What to Serve Alongside
Warm pita bread or flatbread is perfect for scooping up every last bit of sauce and quinoa. A simple side of hummus or baba ganoush adds more creaminess without much effort. If you want something crunchy, toss together a quick cabbage slaw with lemon and olive oil. A cold glass of mint lemonade or iced hibiscus tea rounds out the meal beautifully.
Common Questions and Fixes
If your falafel are browning too fast on the outside but still soft inside, lower the oven temperature to 375°F and bake a few minutes longer. You can also freeze unbaked falafel on a tray, then transfer them to a bag and bake from frozen, adding five extra minutes to the time. For a nut-free version, skip any almond garnishes and stick with seeds like pumpkin or sunflower.

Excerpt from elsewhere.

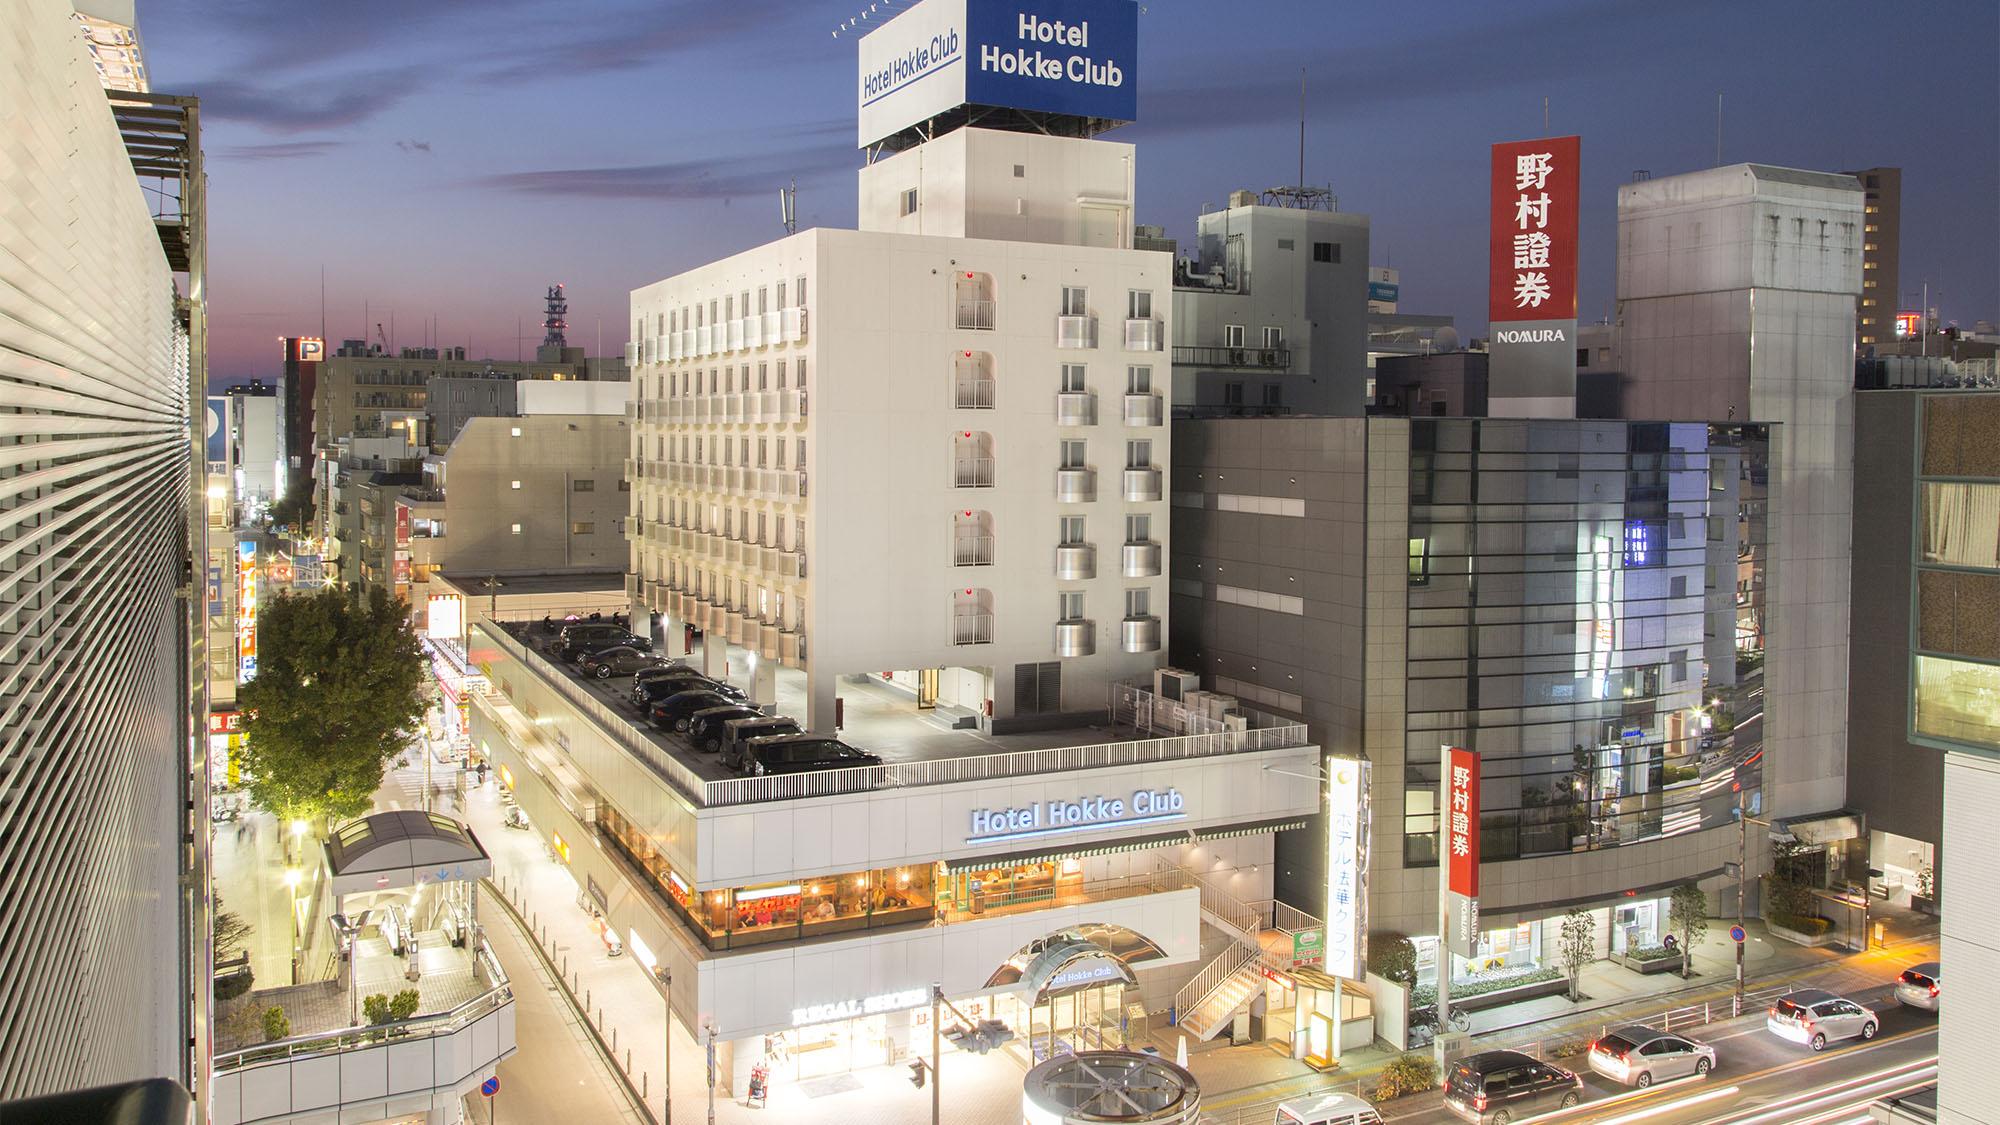 ホテル 法華クラブ 湘南藤沢◆楽天トラベル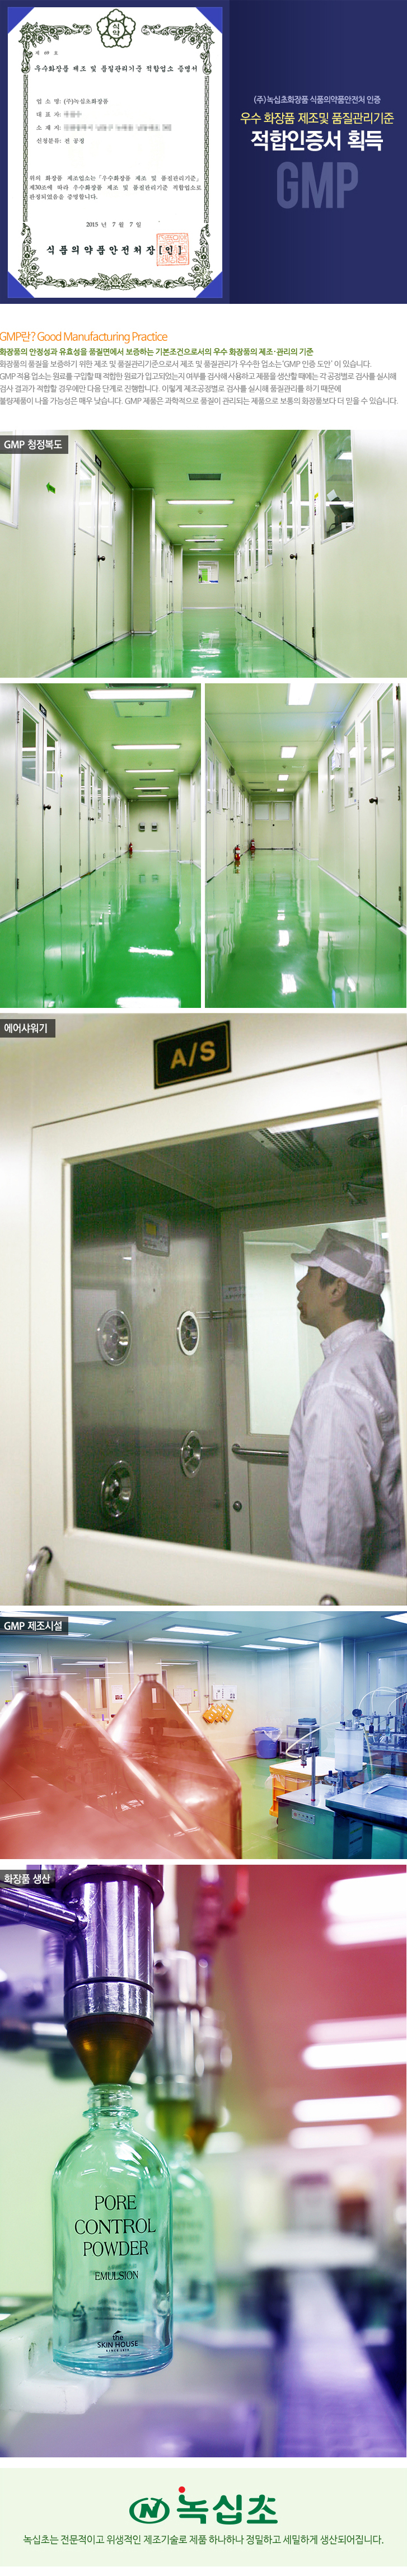 (주)녹십초화장품 식품의약품안전처인증 우수 화장품 제조 및 품질관리기준 적합인증서 획득

- Use red quinoa or a tri-color blend for a slightly nuttier flavor and more visual interest.
- Swap cherry tomatoes for diced bell pepper if you want a sweeter crunch.
- Double the tahini sauce recipe because you'll want extra for dipping or drizzling on everything.
Save This bowl has become my go-to whenever I want something that feels like a treat but doesn't leave me sluggish afterward. I hope it finds a regular spot in your kitchen, too.
Recipe FAQ
- → Can I fry the falafel instead of baking?
Yes, you can shallow fry the falafel in oil over medium heat for 3-4 minutes per side until golden brown. Frying creates a crispier exterior, though baking produces excellent results with less oil.
- → What can I substitute for chickpea flour?
All-purpose flour works as a binder, though chickpea flour maintains the authentic flavor profile. For gluten-free options, try oat flour or almond flour. Start with 2 tablespoons and add more if the mixture feels too wet.
- → How do I prevent the quinoa from becoming mushy?
Rinse quinoa thoroughly before cooking to remove bitter saponins. Use the 2:1 water-to-quinoa ratio, simmer gently, and let it stand covered for 5 minutes off heat. Fluff with a fork to separate grains before serving.
- → Can I make the components ahead of time?
Falafel mixture can be prepared and refrigerated for up to 24 hours before baking. Quinoa stays fresh for 4-5 days when stored properly. The tahini sauce thickens in the refrigerator—thin with water and whisk before serving.
- → Is this suitable for meal prep?
Absolutely. Store components separately in airtight containers: falafel, quinoa, vegetables, and sauce. Reheat falafel in a 350°F oven for 5-7 minutes to restore crispness. Assemble bowls just before eating for best texture.
- → What vegetables work well in this bowl?
Beyond cucumber and tomatoes, try shredded carrots, diced bell peppers, radishes, or roasted eggplant. Fresh herbs like mint or dill add brightness. Pickled onions or olives provide tangy contrast to the creamy tahini.